SentaView applies technical and organisational measures appropriate to the sensitivity of the data we process. These include encryption in transit (TLS) and at rest, strict database access rules enforced server-side, audit logging of administrative actions, and minimum-group thresholds to prevent re-identification from aggregates.

We align our controls with the ISO/IEC 27001 framework and intend to pursue formal certification once our scale warrants it. A detailed description of the measures we apply — infrastructure, access controls, sub-processors, backups, incident response — lives on the separate Security page.

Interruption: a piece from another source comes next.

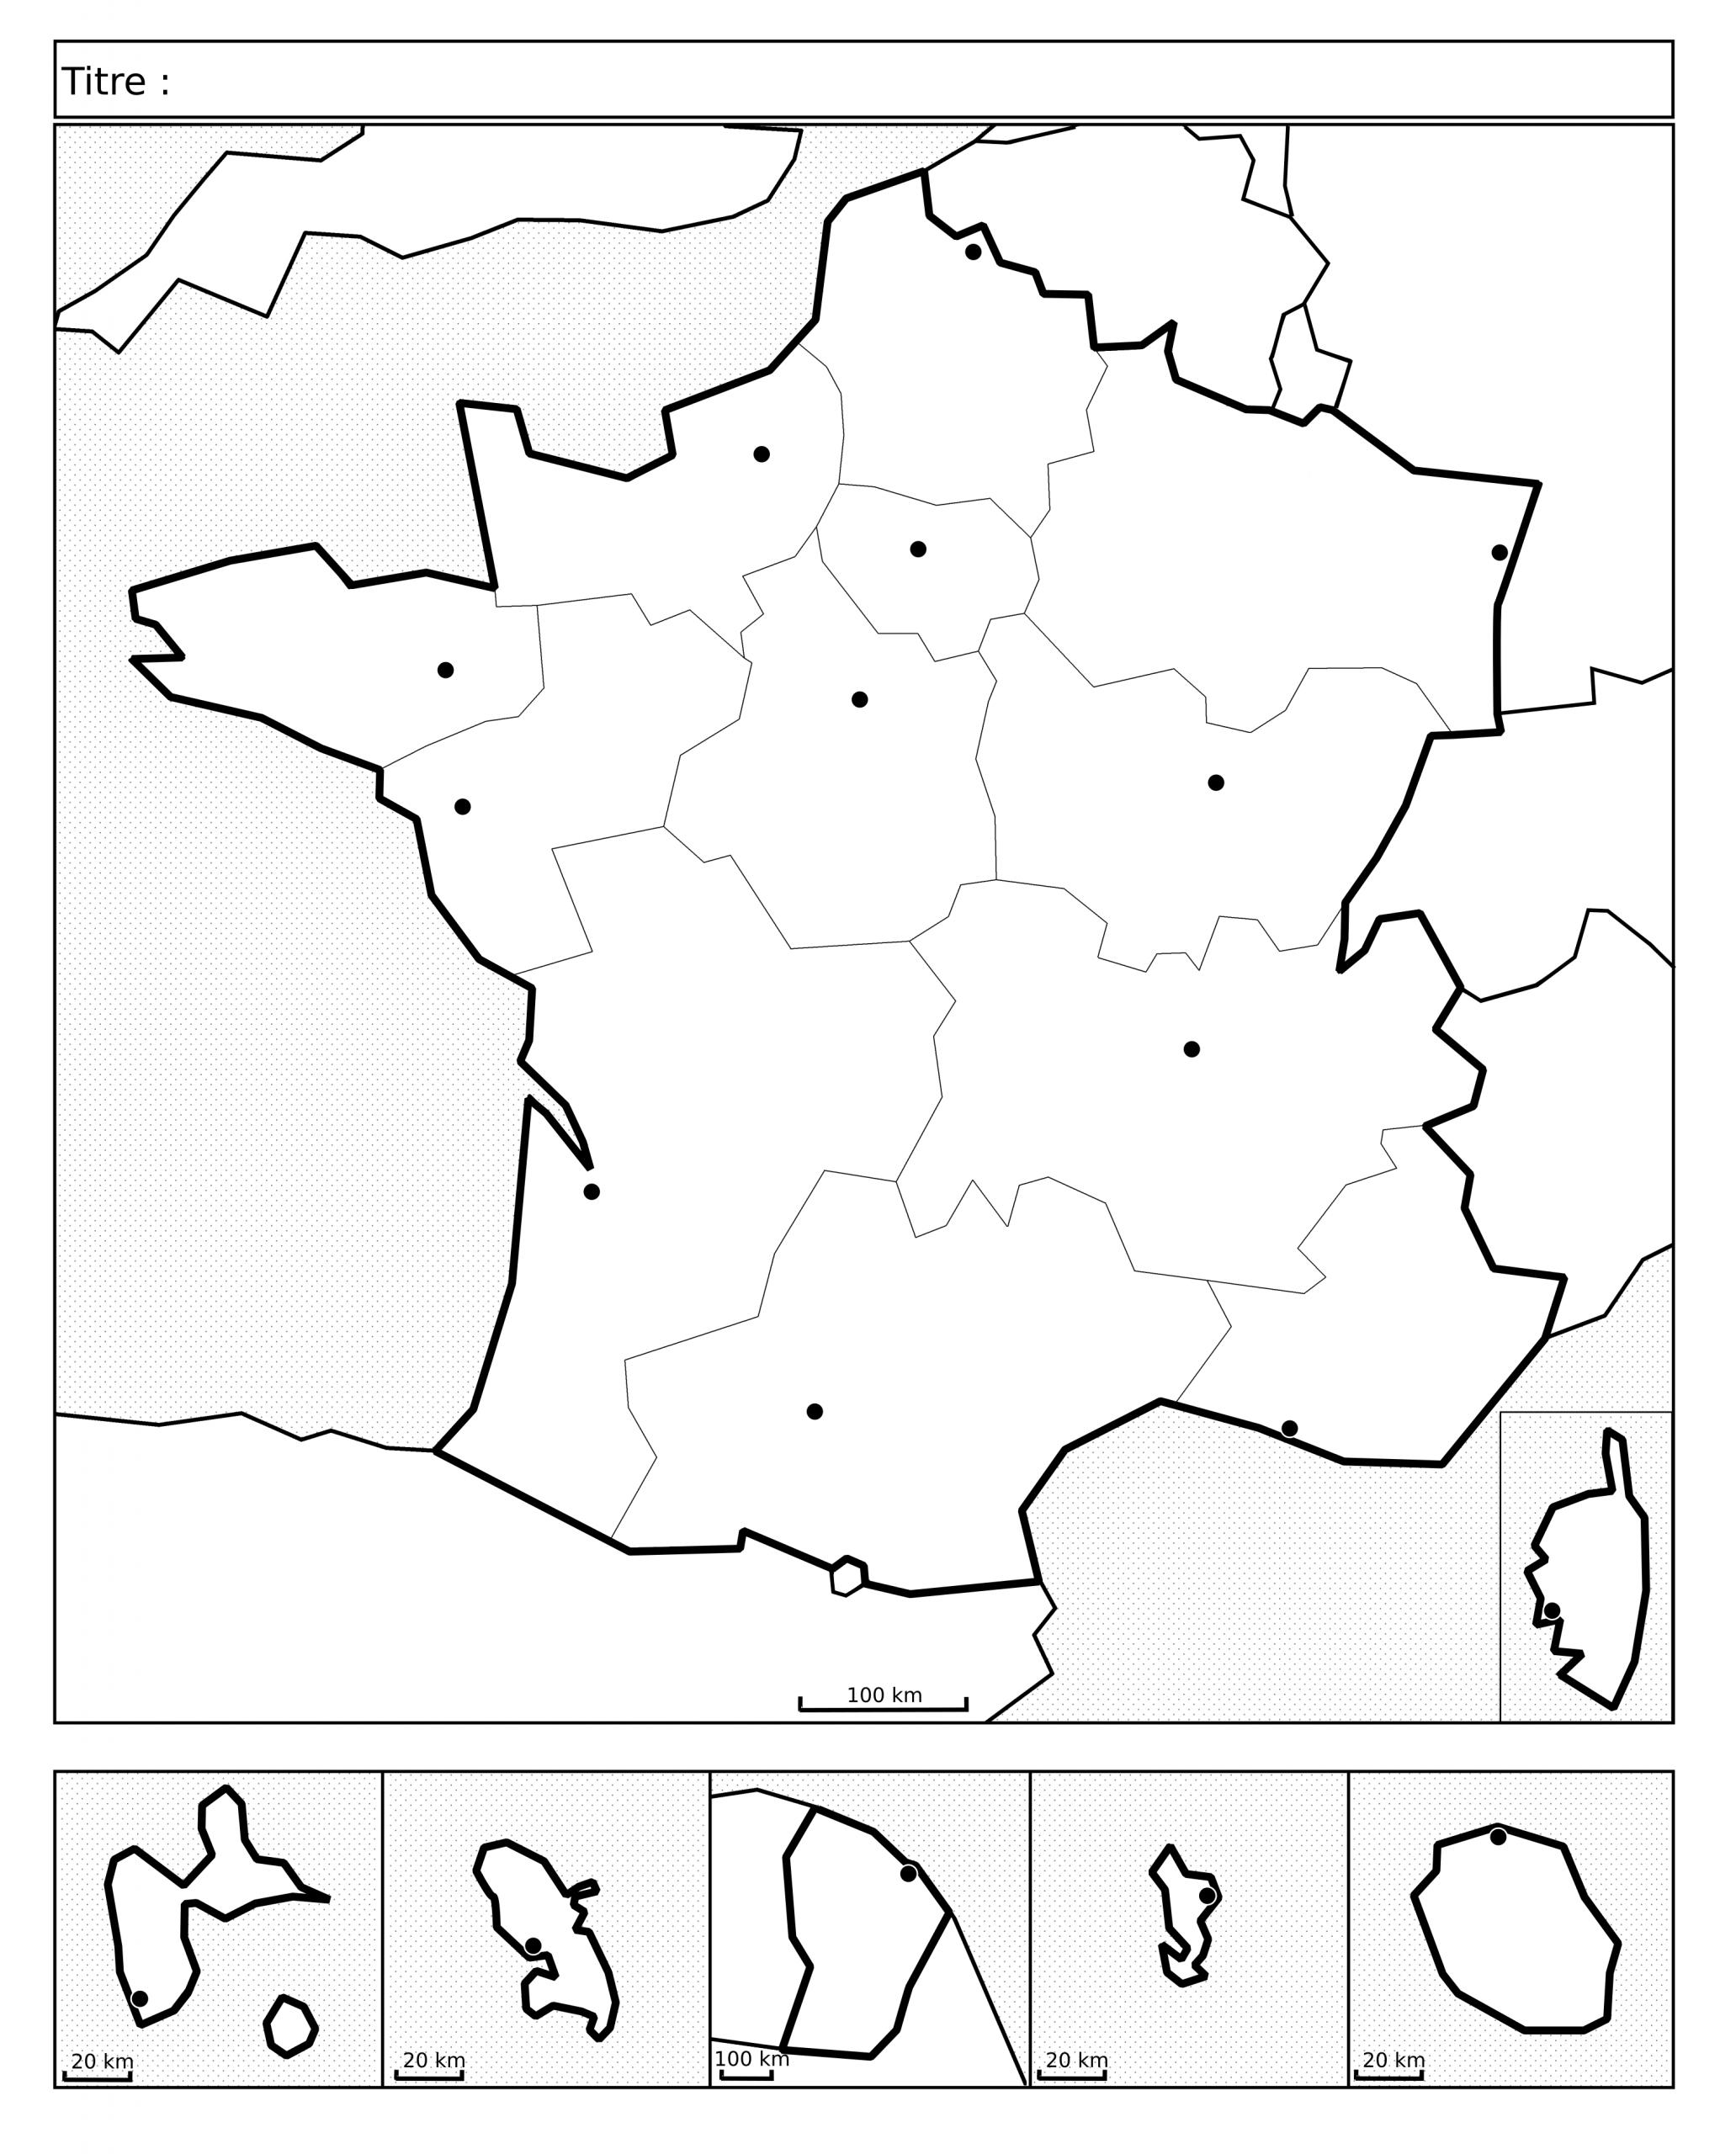 Fonds De Cartes Et Croquis Pour S'entraîner 1/2 | Collège dedans Fond De Carte France Fleuves

In the event of a personal-data breach that is likely to result in a risk to the rights and freedoms of affected individuals, we will notify the competent supervisory authority without undue delay and, where feasible, no later than 72 hours after becoming aware of it, in line with Art. 33 GDPR. Affected customers are notified as soon as the scope is established, and in parallel with — not after — authority notification.

SentaView is a workplace product and is not directed at individuals under 16. We do not knowingly collect personal data from children. If you believe that a child has provided us with personal data, please contact us at emil.zawadzki@sentaview.de and we will delete the data promptly.

We may update this policy from time to time — for example, when we add a new sub-processor or change how a product area works. When we make a material change, we will update the "Last updated" date at the top and, where appropriate, notify affected customers by email.